Дверь упёрлась во что-то мягкое, кажется
это была выроненная Властой сумка. Марина не пошевелилась. Может быть она
простояла так секунду, может быть несколько часов, оцепенение прервал лишь
звук поднимающихся по лестнице шагов. Она схватила сумку и нырнула внутрь.
Как же ей хотелось убежать куда-нибудь, закрыться, спрятаться, но дорогу
перегораживал Власта. Шея его была неестественно свернута, глаза… Марина
не решилась взглянуть. На цыпочках она перешагнула через его неподвижное
тело, каждой клеточкой своего дрожа от страха и надежды, что вот сейчас
он с силой дёрнет её за ногу, но напрасно. Не зная, от кого спасается,
она ворвалась в квартиру, закрылась на замок и цепочку, потом, не включая
света, вбежала в туалет, накинула крючок, в тесной темноте нашарила сидение,
села, обхватила голову руками и замерла. Странная это была ночь. Из последних
сил хватаясь за соломинку сознания, до рассвета Марина ныряла из одной
тяжкой волны забытья в другую, ни на секунду не забывая о случившемся.

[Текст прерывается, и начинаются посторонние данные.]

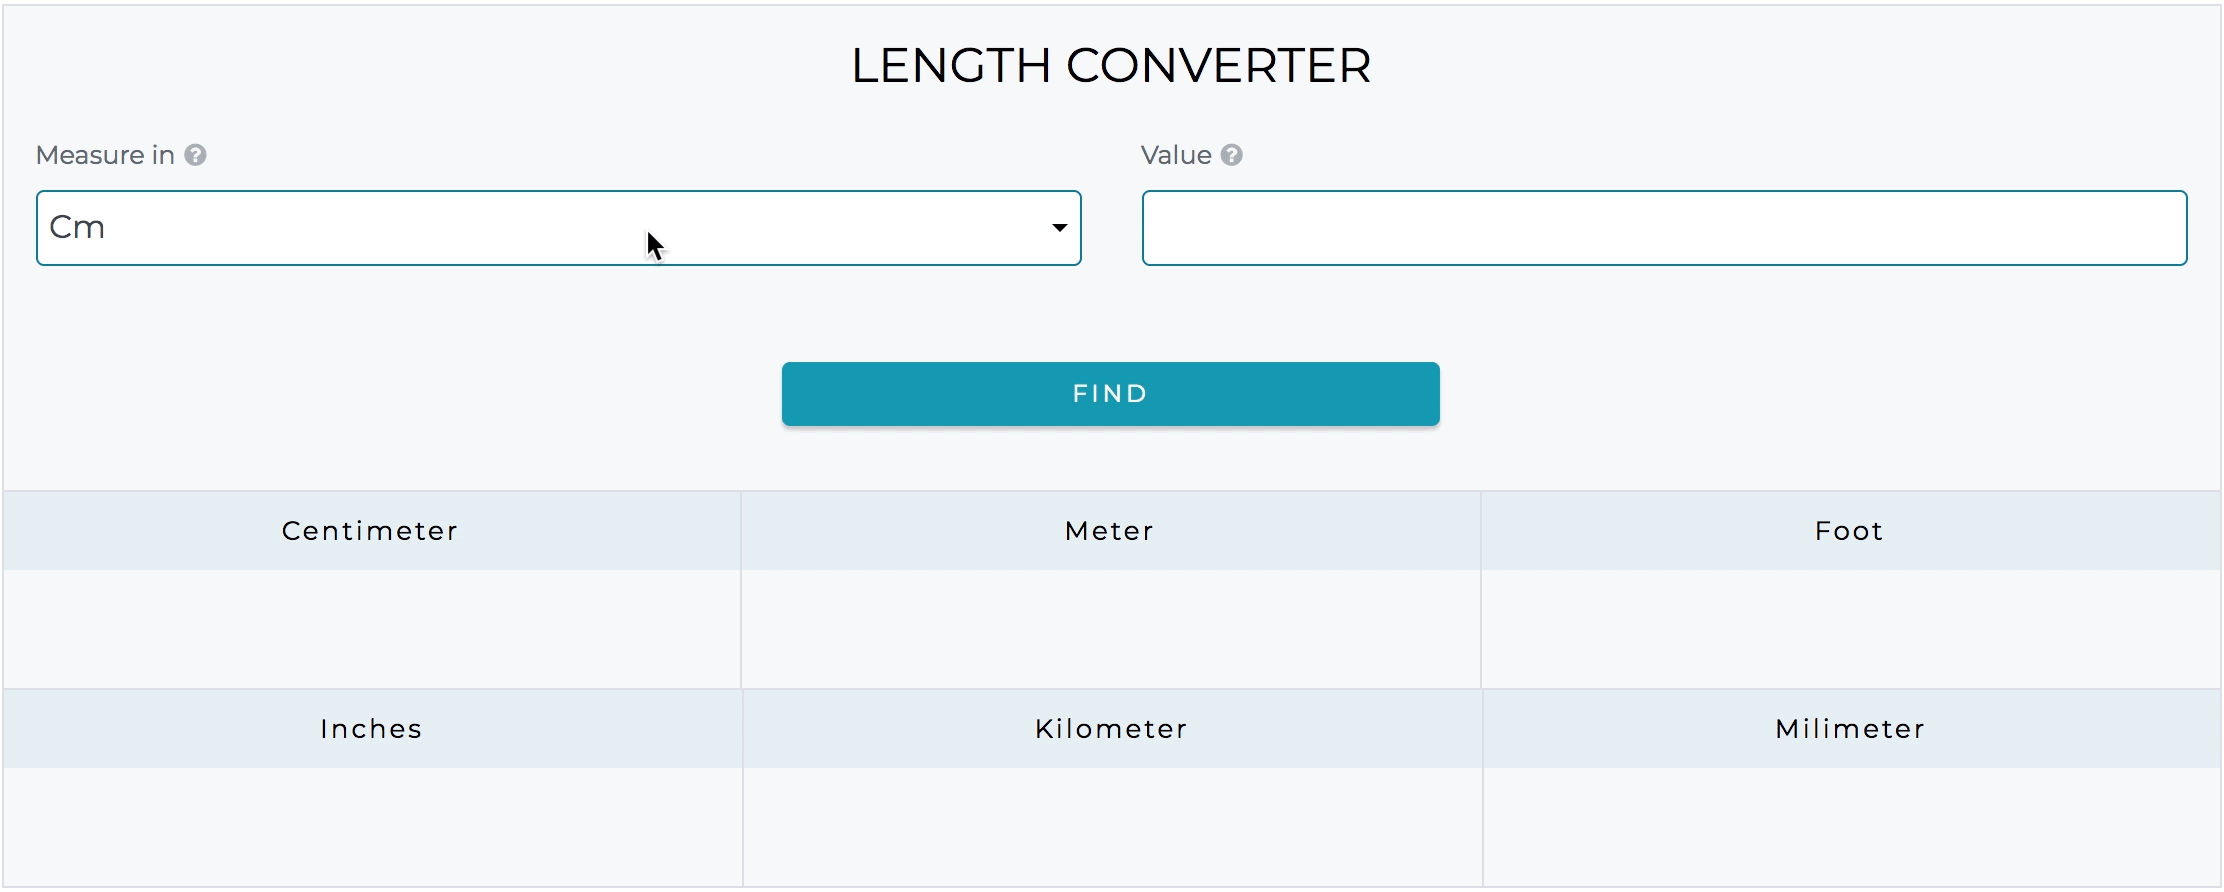 How to use length converter

То она вдруг отчетливо видела автомобильную пробку на середине Бруклинского
моста. Внизу слепит глаза горящая на солнце чешуя залива, сквозь ажурную
решетку на неё уставилось безучастное, тысячеглазое лицо Манхэттена. Ноздри
распирает духота, запах бензина, старой синтетической обивки. Марина чувствует
на лице жаркое Властино дыхание, блузка расстёгнута… Всё исступлённей поцелуй,
всё глубже, сильнее он входит в неё... Марина слышит нестройный хор автомобильных
гудков, истошные соло полицейских сирен, лай пожарных машин. Впереди случилось
что-то страшное, но ей какое дело? Власта любит её, и совсем, совсем ей
не стыдно ни похабного свиста соседей, ни себя самой. Надо быть выше, ещё,
ещё… но вдруг со страшной силой летела в прошлое и видела себя подростком
– самая маленькая в классе, кличка – «глиста в колготках», только что с
тройками закончила восьмой класс, впереди каникулы: дача, река, бадминтон…
Нет! Не поехала она в то лето на дачу. Горстка чёрных людей в крематории,
две горстки пепла оставшиеся от родителей.

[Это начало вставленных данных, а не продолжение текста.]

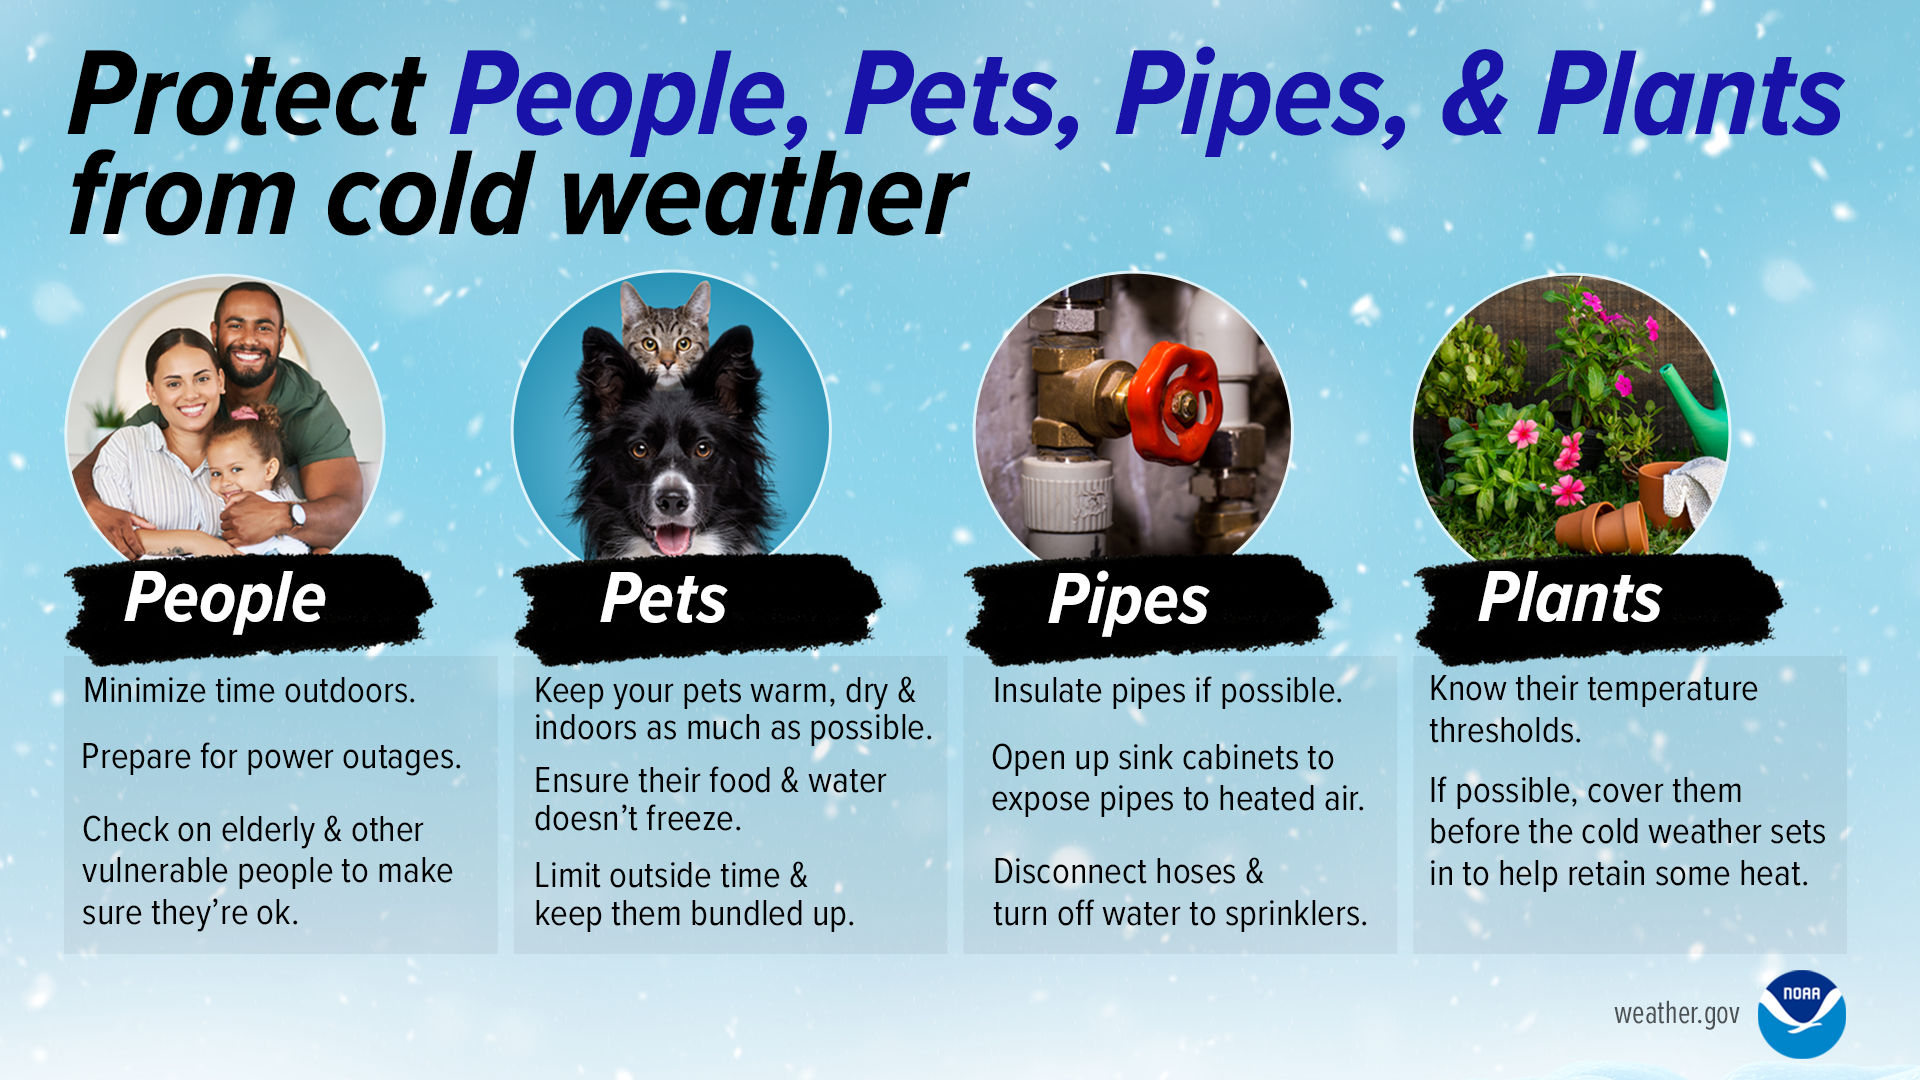 Protect people, pets, pipes and plants from cold weather. People: 1) Minimize time outdoors. 2) Prepare for power outages. 3) Check on the elderly and other vulnerable people to make sure they're ok. Pets: 1) Keep your pets warm, dry and indoors as much as possible. 2) Ensure their food and water doesn't freeze. 3) Limit outside time and keep them bundled up. Pipes: 1) Insulate pipes if possible. 2) Open up sink cabinets to expose pipes to heated air. 3) Disconnect hoses & turn off water to sprinklers. Plants: 1) Know their temperature thresholds. 2) If possible, cover them before the cold weather sets in to help retain some heat.

Звонил телефон, Марина вздрагивала. Живой
Властин голос отвечал, что в данный момент подойти к телефону не может,
но при первой же возможности перезвонит, а другой бормотал что-то по-сербски
и бросал трубку. Изредка она отнимала руки от головы, смотрела в окно на
бледное сияние небоскребов, и ей казалось, что это поблёскивают осколки
миллионов разбитых надежд. В отчаянии Марина зажмуривалась, но опять звонил
телефон. На сей раз, самоуверенный женский голос по-английски требовал
поднять трубку. Женщина не называлась, просто говорила «это я», так, словно
все обязаны были узнавать её, и Марина догадалась, что это была Марша.

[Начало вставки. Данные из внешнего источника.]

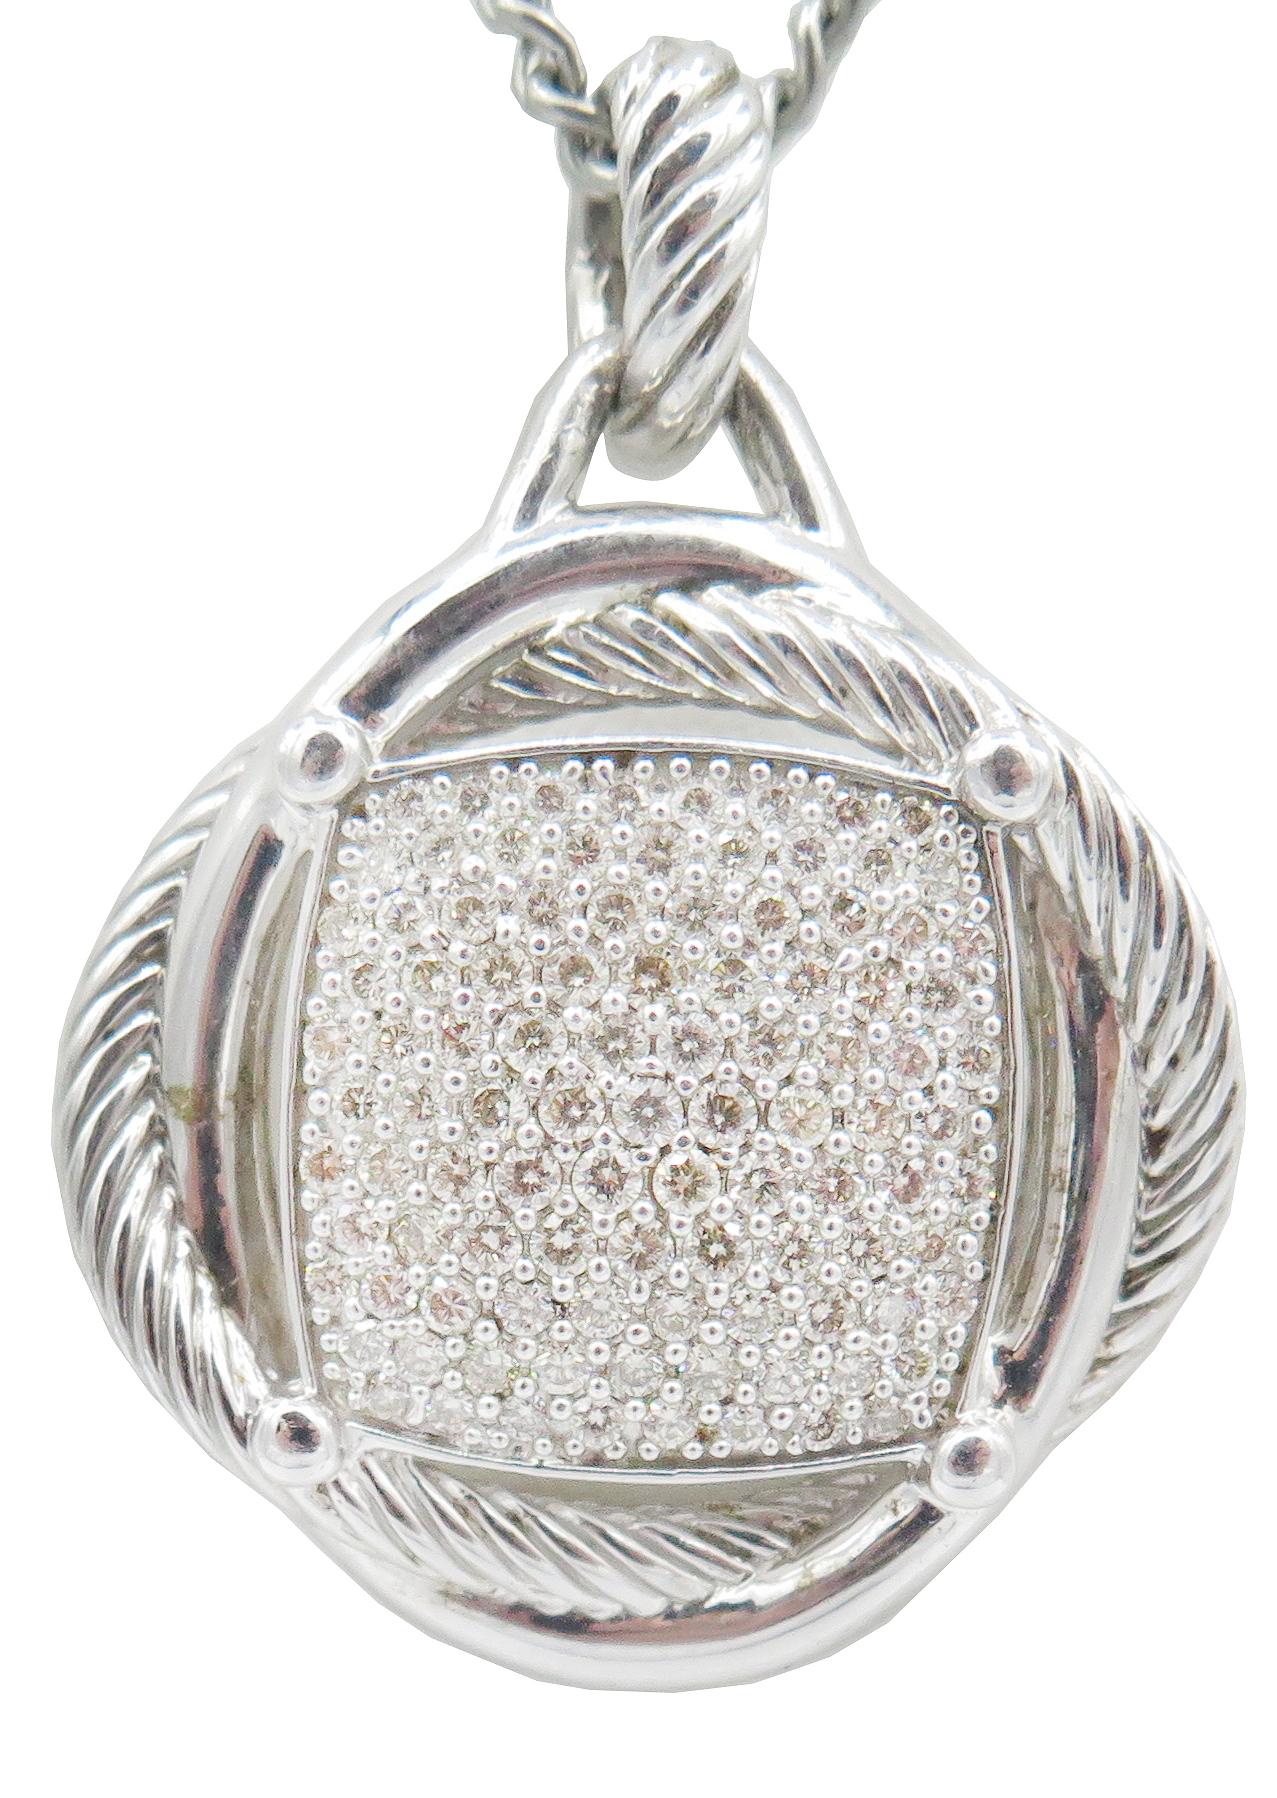 David Yurman Infinity Diamond Pendant, distinctive style and timeless beauty, A center square covered in 1.47cts of pave diamonds, is set in a 925 sterling silver setting. A part of the Infinity Collection, the pendent measures 1.47 inches in

Она звонила за ночь неоднократно, и каждый раз скрывшаяся за картонными
стенами туалета от факта, что Власта по-прежнему лежит на грязном складском
полу под ярким гудящим электричеством, Марина горячо ненавидела соперницу,
обвиняя её и во всём случившемся. Кстати, что же всё-таки произошло? Эту
мысль она всё никак не могла додумать. То ей казалось, что Власта жив,
но без сознания, ведь не было же крови… и ей хотелось, чтобы он полежал,
отдохнул, а глядишь утром всё образуется. Иногда казалось, что за дверью
кто-то ходит и холодная испарина выступала на лбу и спине. Марина крепче
вцеплялась руками в голову, шаги стихали, и опять звонил телефон – и опять
нетерпеливая Марша спрашивала, куда это Власта запропал и предупреждала,
что проба на роль завтра в два часа дня, самолет вылетает из аэропорта
Кеннеди в семь ноль пять, а перед отлётом нужно ещё как следует выспаться.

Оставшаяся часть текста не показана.